> [Work to be completed]: Give the whole listing below once more, exactly, without pictures.

> [Dataset section]:
::::

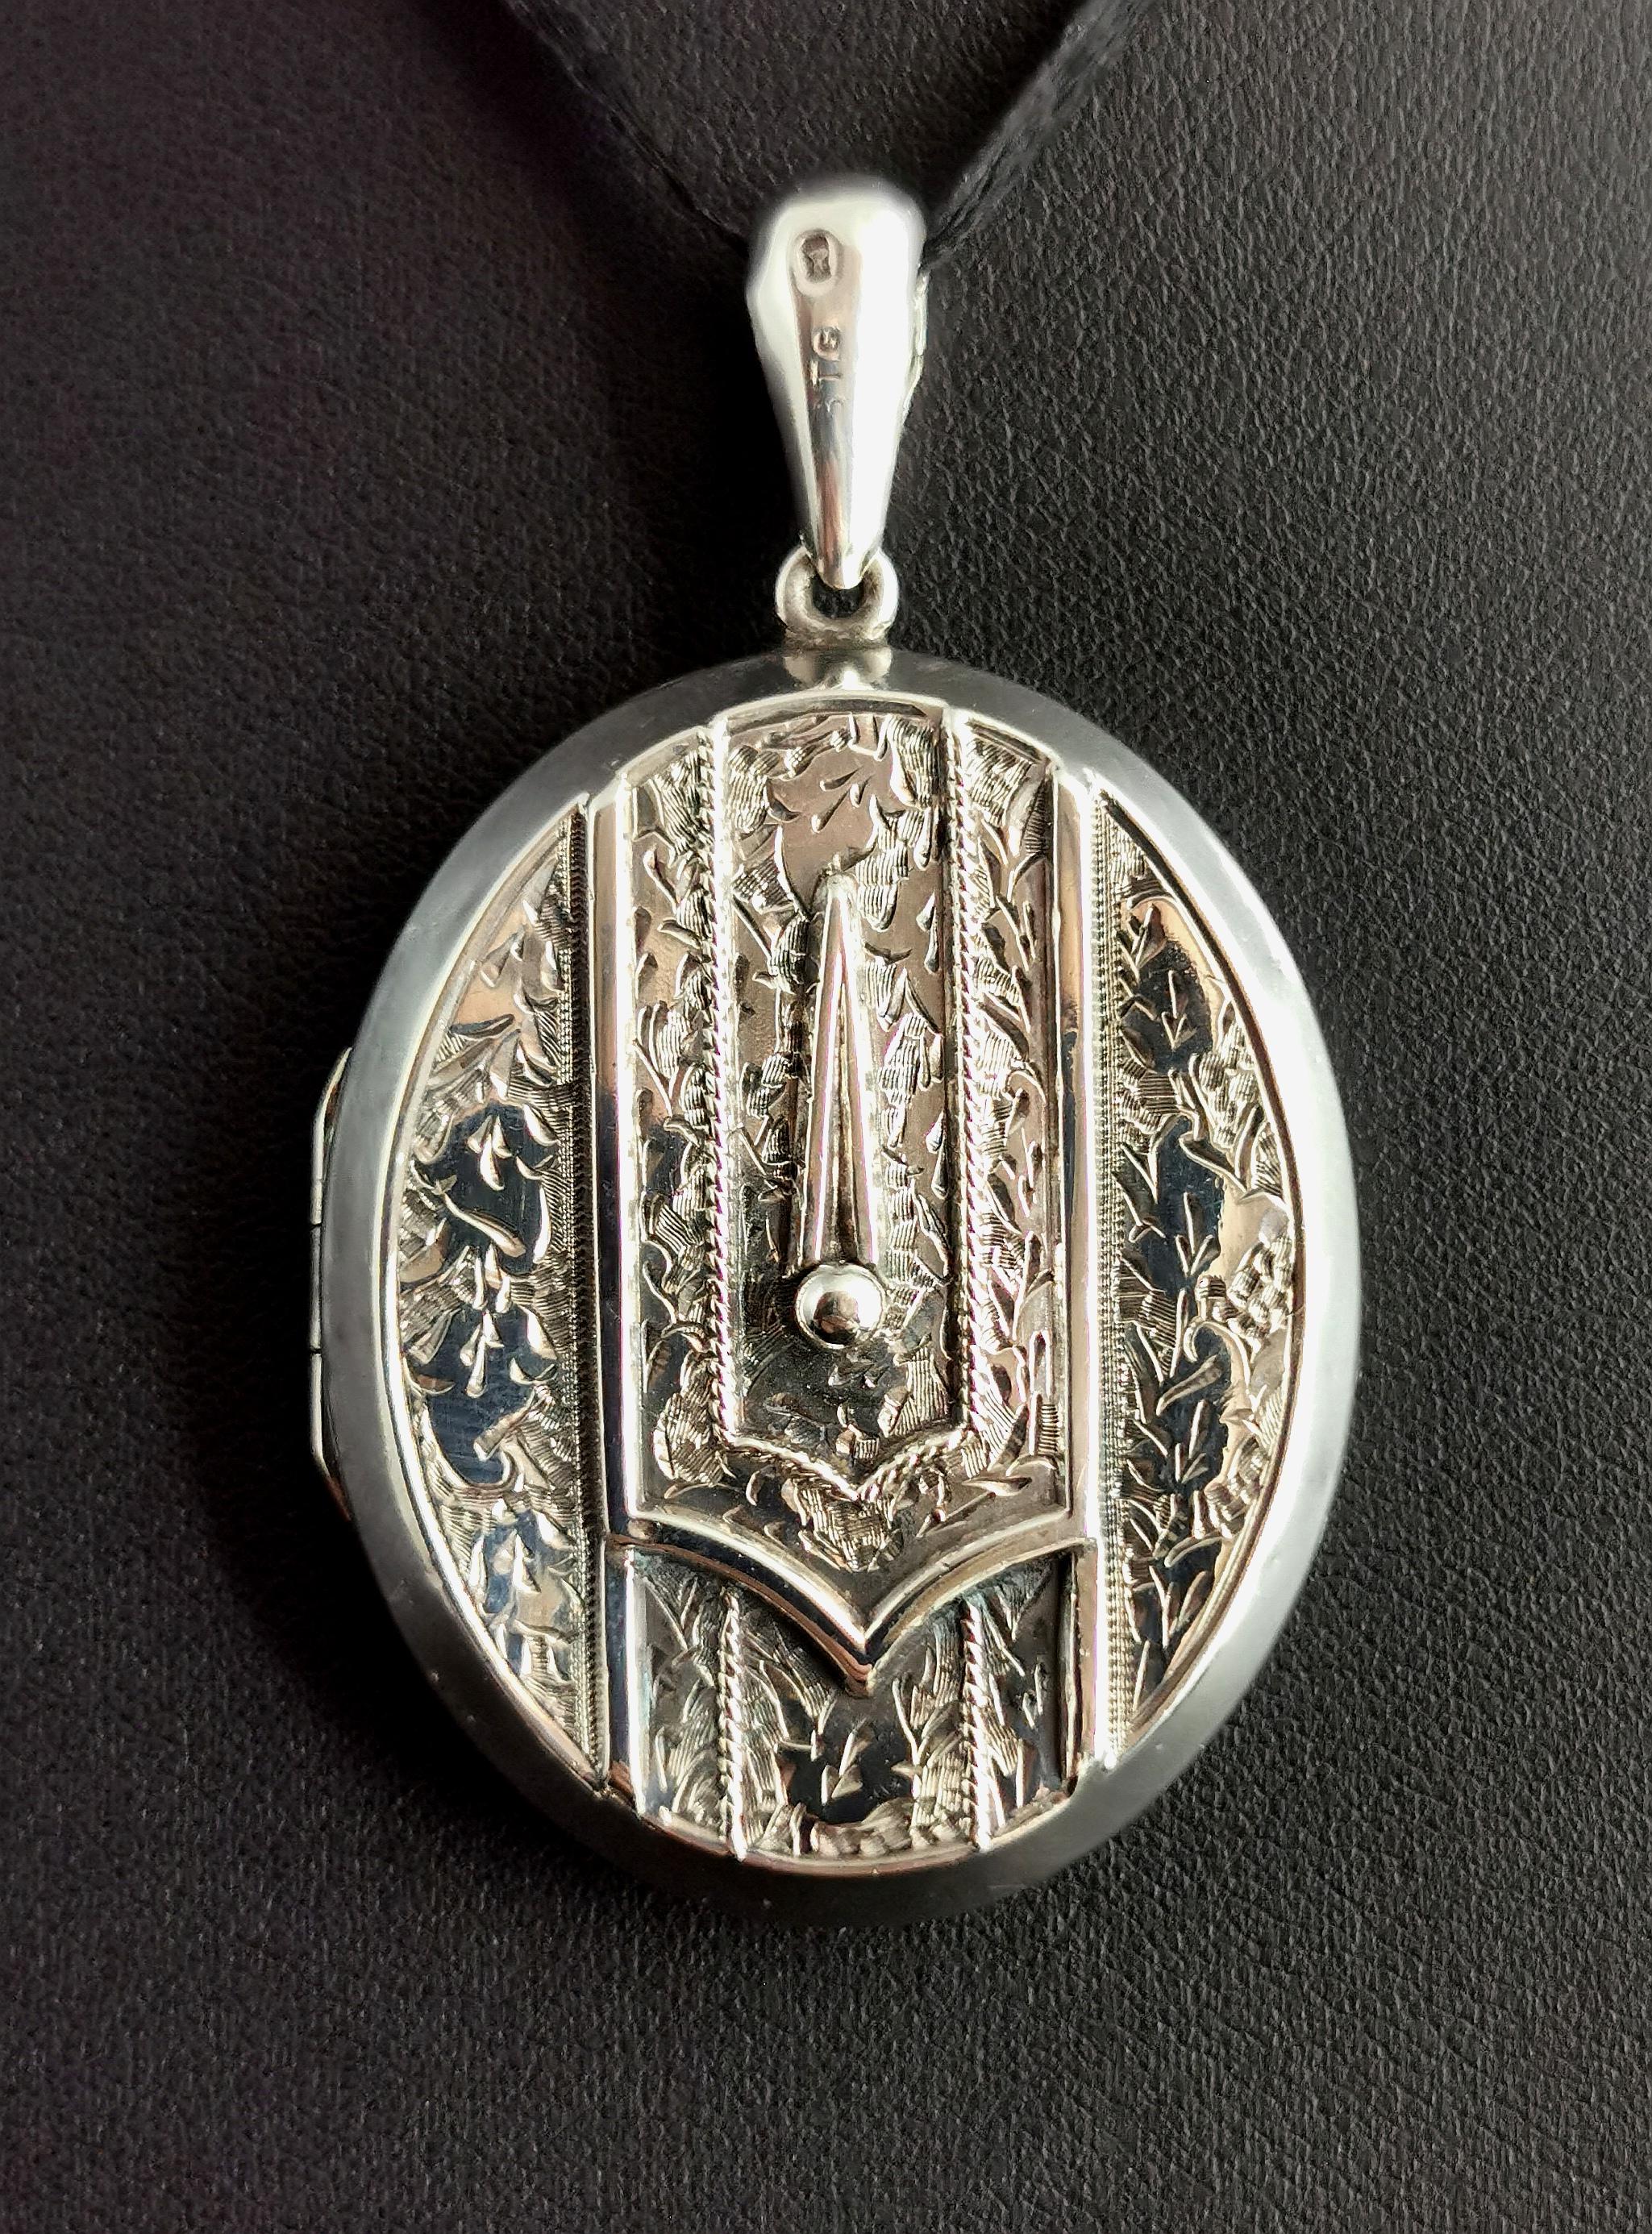 A stunning antique Victorian sterling silver locket pendant.

A large sized oval locket with a very fancy buckle design front with aesthetic style engraving.

It has a large integral bale, perfect for adding to a long antique chain or a choker style

::::

> [Result]:
 A stunning antique Victorian sterling silver locket pendant.

A large sized oval locket with a very fancy buckle design front with aesthetic style engraving.

It has a large integral bale, perfect for adding to a long antique chain or a choker style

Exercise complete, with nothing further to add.